Want to share your content on R-bloggers? click here if you have a blog, or here if you don’t.
This blog has moved. This is reposted from Paired Ends:
PLANES provides a set of methods for evaluating the plausibility of epidemiological signals and forecasts. The PLANES methods are available in the rplanes R package and Shiny app.
Since early 2023, we’ve been developing methods to conduct what we are calling plausibility analysis of epidemiological signals (PLANES). The motivation for PLANES stems from our work on infectious disease forecasting projects, including COVID-19, influenza-like illness (ILI), and influenza hospitalizations. Near-term forecasts of disease patterns can help guide public health decision-making. We’ve been fortunate enough to participate in several consortia efforts that openly solicit contributions from modelers using different methods. Those methods are often tailored to use training data that comes from epidemiological reporting systems. The openness of these forecasting “hubs” is invaluable, and can lead to ensemble forecasts that as a whole are greater than the sum of their parts.
But after all we’re trying to predict the future, so there are plenty of challenges! To name a few:
- The data for training and “gold-standard” truth assessments are maintained in complex reporting systems that are often distributed across jurisdictions.

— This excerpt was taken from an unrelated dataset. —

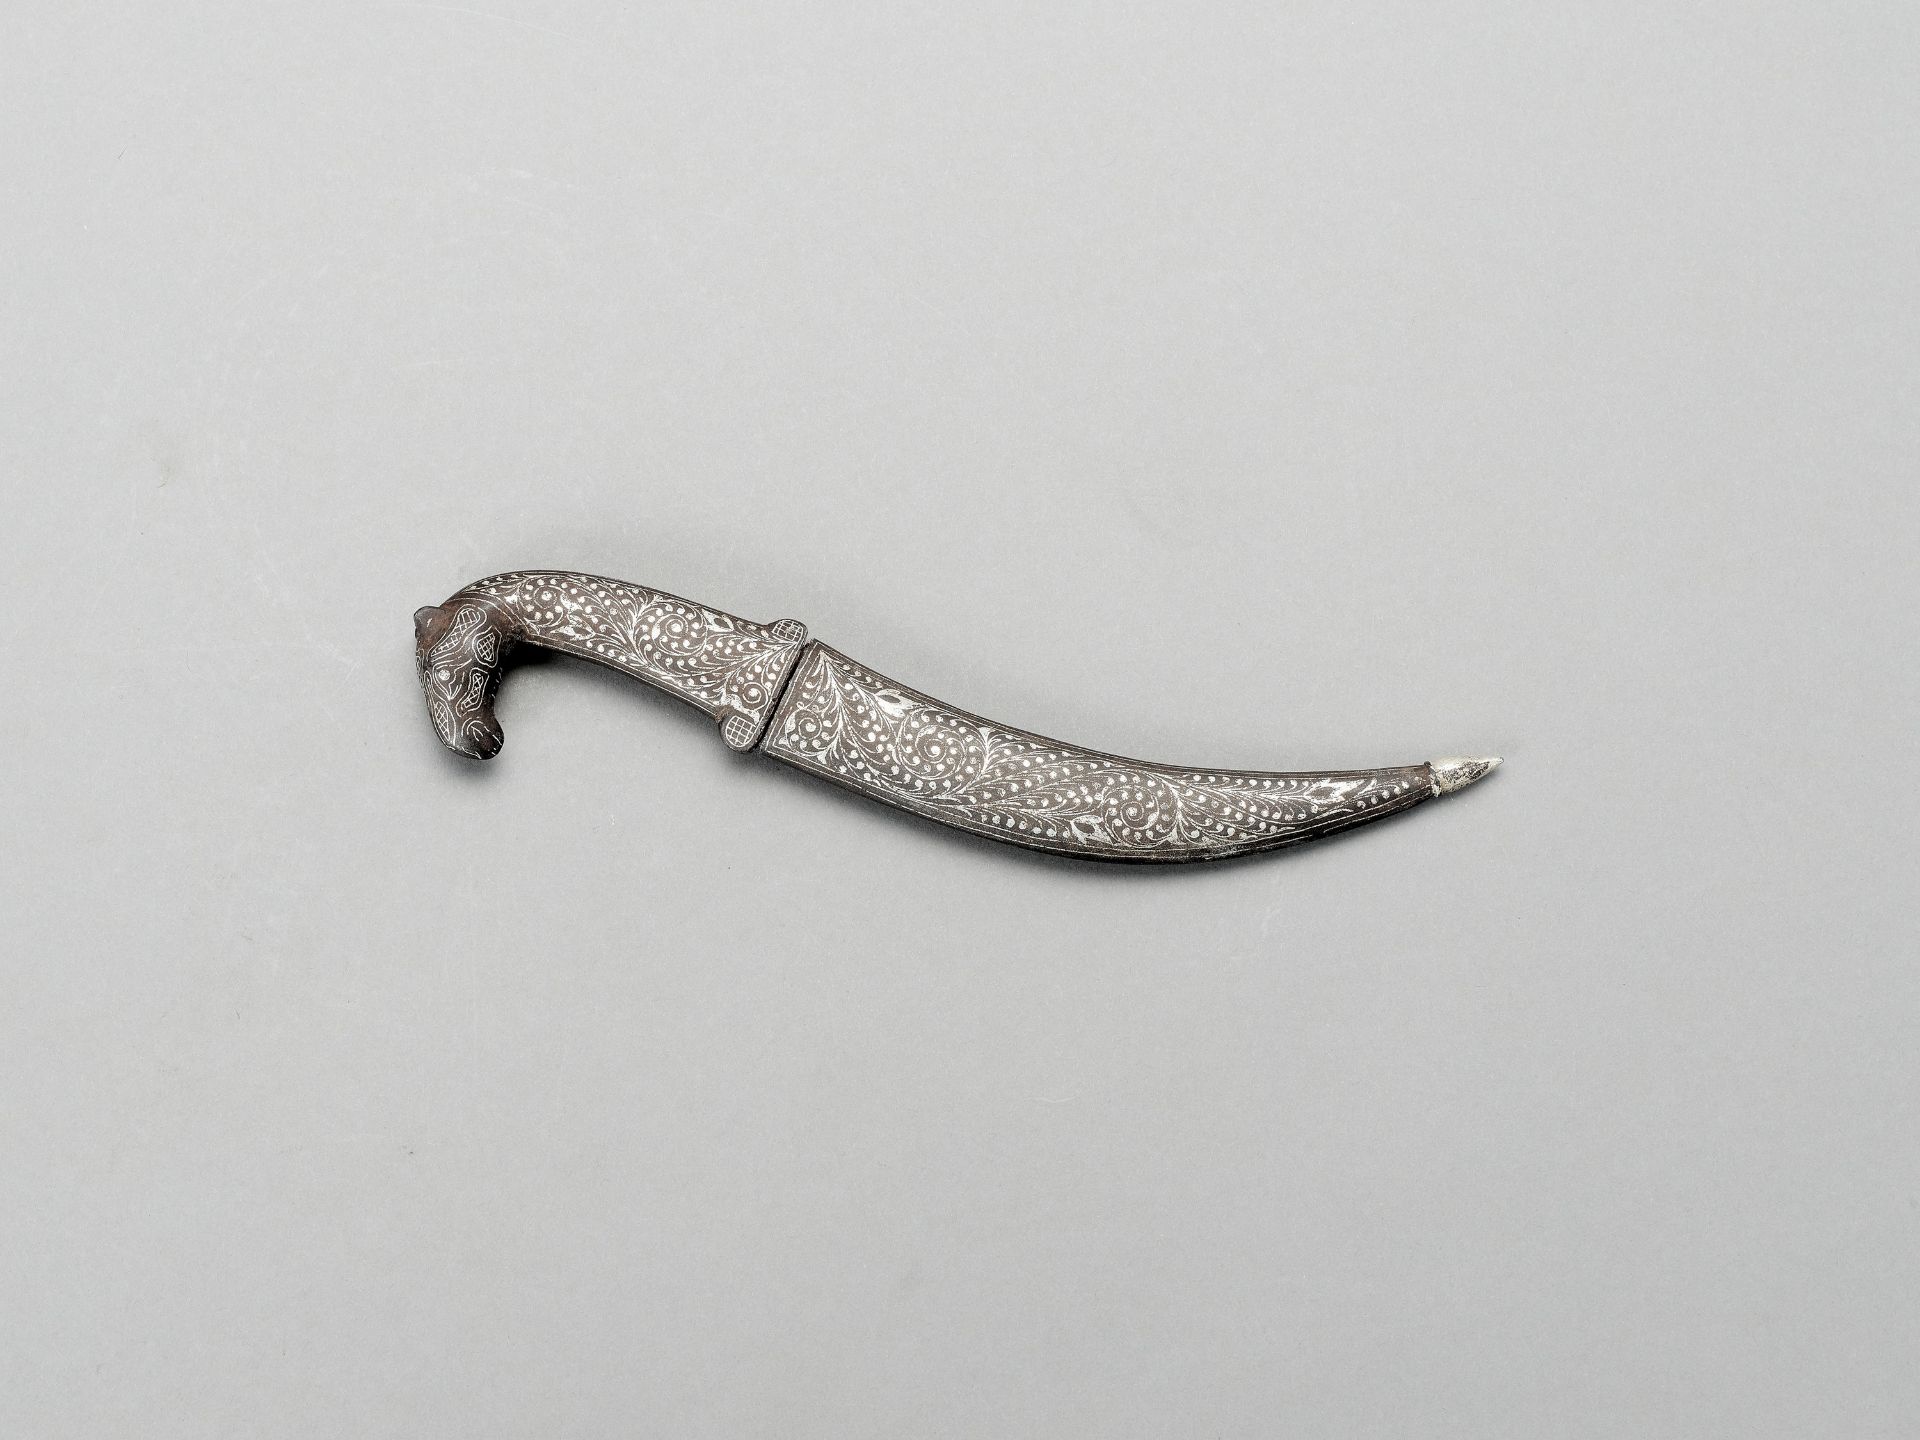 A MUGHAL STYLE DAGGER - Image 4 of 4

- With the number of forecasters, forecast dates, targets (diseases), and locations, there are LOTS of incoming forecasts. And many of the hubs are designed on a weekly submission cadence, so that scale can grow even more dramatically as the season progresses.
- Hubs require that submissions include some representation of uncertainty such that they can communicate prediction intervals around each forecast. Depending on the modeling methods used, that estimate of uncertainty may be very different from forecast to forecast.
These particular challenges underscore a need for review of both the incoming surveillance data and forecasts that are generated. But that review requires human intuition — a “gut feeling” — and it can be hard to scale.
Enter PLANES. We developed this approach to reduce the burden of human review for epidemiological signals. The aim here is to mirror human intuition, but not replace it. In other words, by flagging implausibility we are not claiming impossibility. Instead, the approach provides a screening mechanism so that humans can take a closer look at the signal data. PLANES is agnostic, such that it can be used across either forecasted or observed signals, for different diseases, and for varying temporal and geographic resolutions. The PLANES methods are described in detail in a manuscript we published in August 2024:
Nagraj VP, Benefield AE, Williams D, & Turner SD. (2024). PLANES: Plausibility Analysis of Epidemiological Signals. medRxiv, 10.1101/2024.08.22.24312449.
The concept behind the algorithm is demonstrated in Supplemental Figure A1 from the manuscript (below), which illustrates notional components and impacts.
Once we established the PLANES methods, we moved on to the rplanes
R package to implement this approach.
PLANES components
A human can look at a time series of epidemiological data (e.g., incident influenza hospitalizations) and a probabilistic near-term forecast, and get a good sense of whether the forecast “looks weird” or not. PLANES attempts to systematize and formalize this assessment such that it can be automated and scaled. We created multiple components, each of which is a binary (yes/no) assessment of plausibility that maps to some feature in the data. All evaluated components are then combined into an ordinal score. By default, each component is equally weighted in the overall PLANES score. When delivered in the rplanes R package, the user can optionally weight components higher or lower in the scoring scheme.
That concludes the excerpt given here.